# Agco And Google Glass.



## Vol (Jul 5, 2009)

Minnesota......AgWeb.

Regards, Mike

https://www.agweb.com/article/agco-puts-google-glass-to-work-naa-jim-dickrell/


----------



## NewBerlinBaler (May 30, 2011)

Those are substantial cost reduction numbers. I wonder if there'll be a corresponding price drop.


----------



## Vol (Jul 5, 2009)

NewBerlinBaler said:


> Those are substantial cost reduction numbers. I wonder if there'll be a corresponding price drop.


Of course.

Regards, Mike


----------



## somedevildawg (Jun 20, 2011)

Ain't that fancy...I notice they mentioned how much they save on laptops but didn't mention the cost of these contraptions. sounds like the gummit may be runnin Agco


----------



## Thorim (Jan 19, 2015)

I am just curious who has enough money to got out and by a custom made tractor these days??
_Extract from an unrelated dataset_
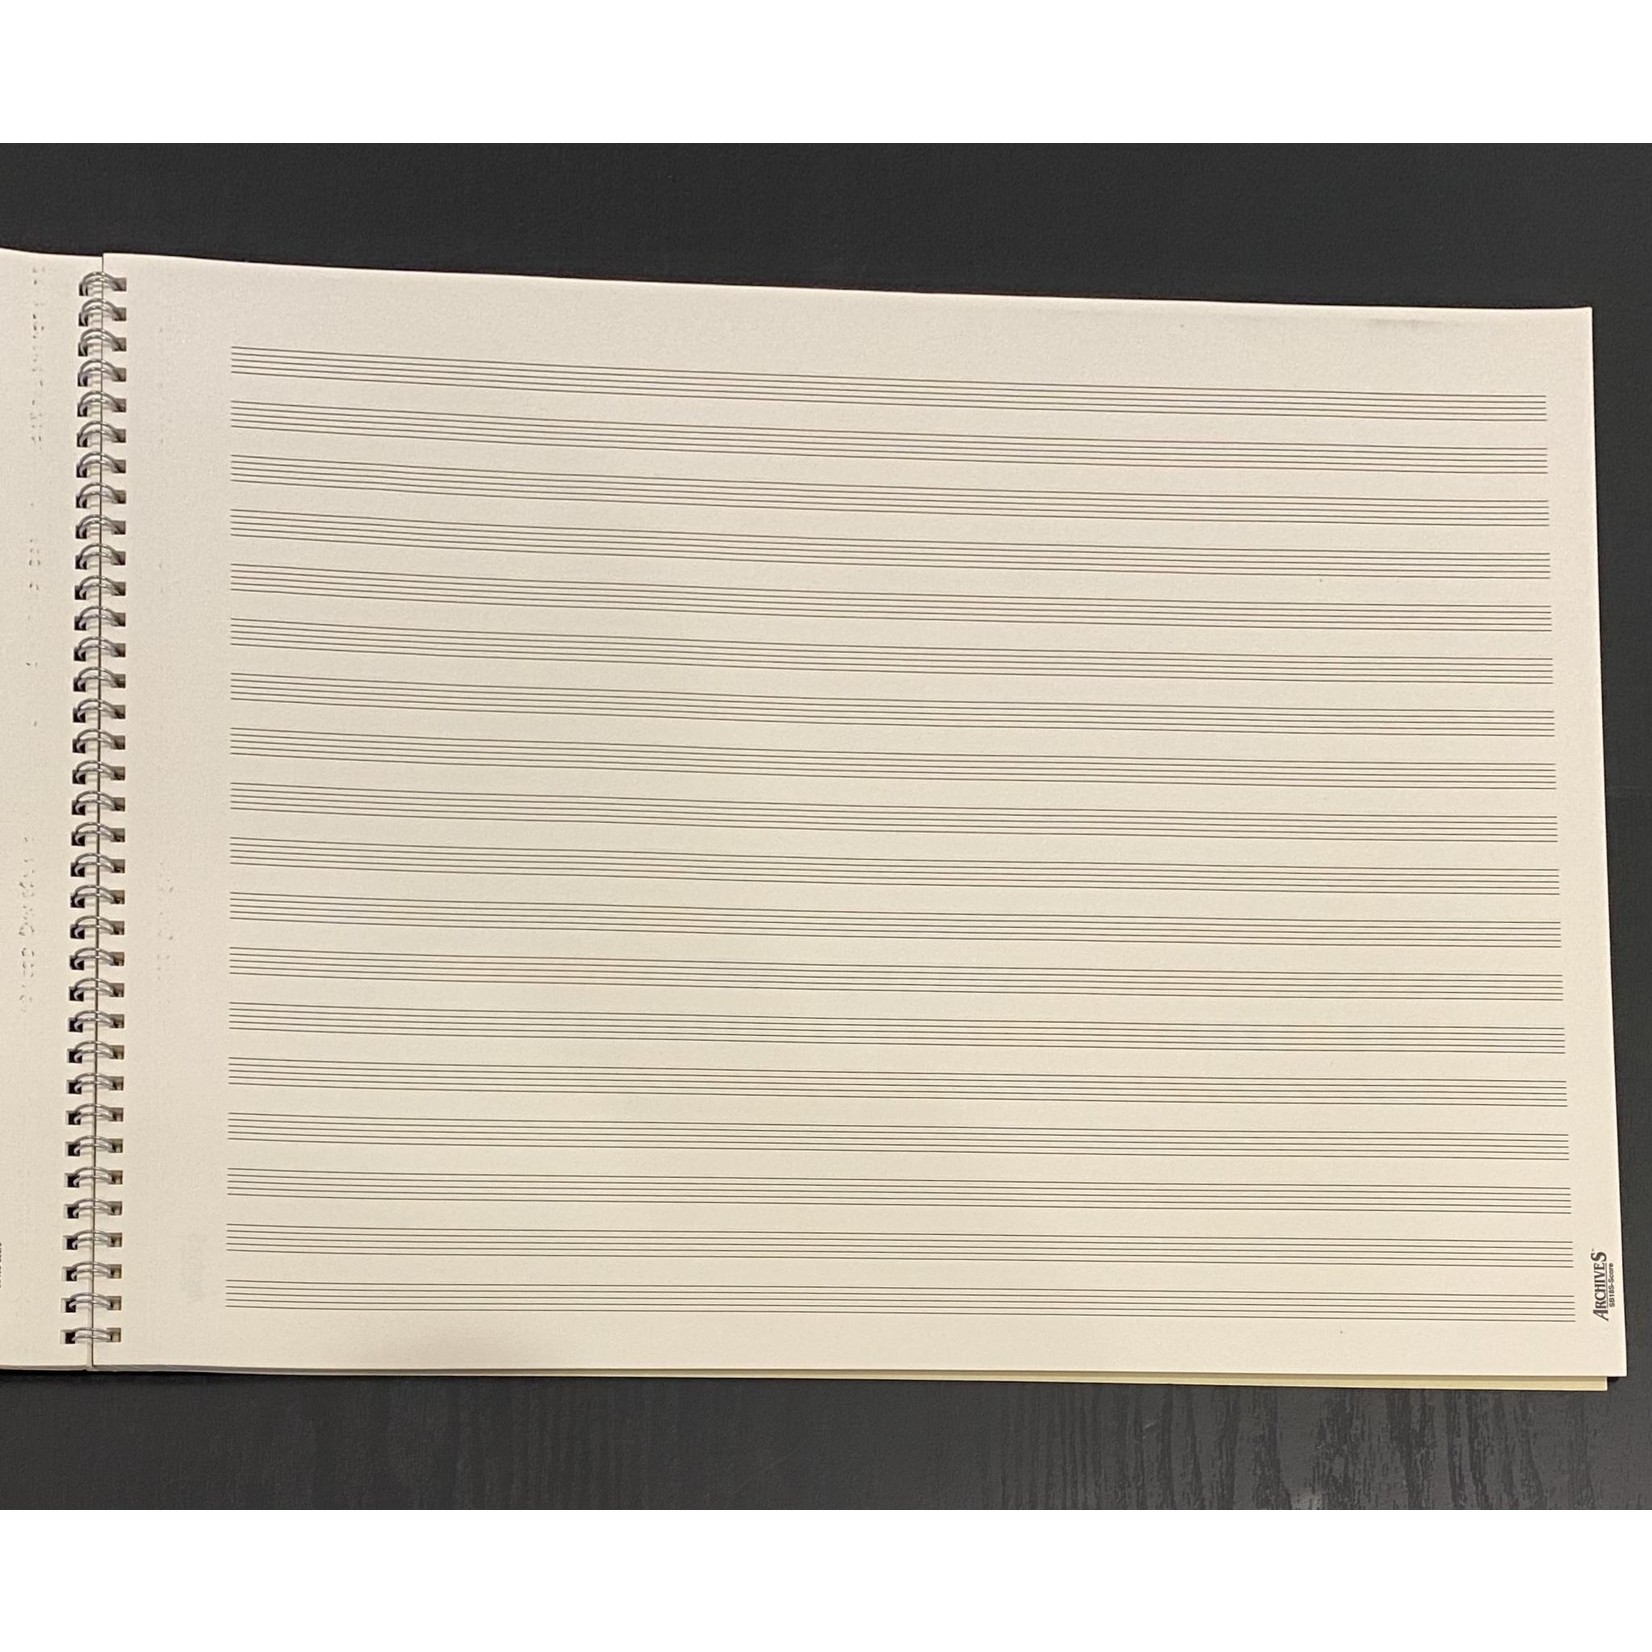 Manuscript: Archives Orchestral Pad 18st/64pg landscape (16"x12")

Also wonders how these custom made tractors are so drastically different from normal everyday tractors

that you constantly have look up how it is built??
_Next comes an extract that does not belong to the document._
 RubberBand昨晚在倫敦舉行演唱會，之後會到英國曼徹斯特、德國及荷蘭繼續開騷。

Which begs me to ask about the i.q. of the work force assembling such fancy tractors?? Not to be mean

spirited or anything...

I could see how this might be beneficial in quality control.


----------



## Vol (Jul 5, 2009)

Thorim said:


> Also wonders how these custom made tractors are so drastically different from normal everyday tractors
> 
> that you constantly have look up how it is built??


The custom tractors have your name sewn across the top of the seat and your 3 initials placed on the door glass near the door handle. 

Regards, Mike


----------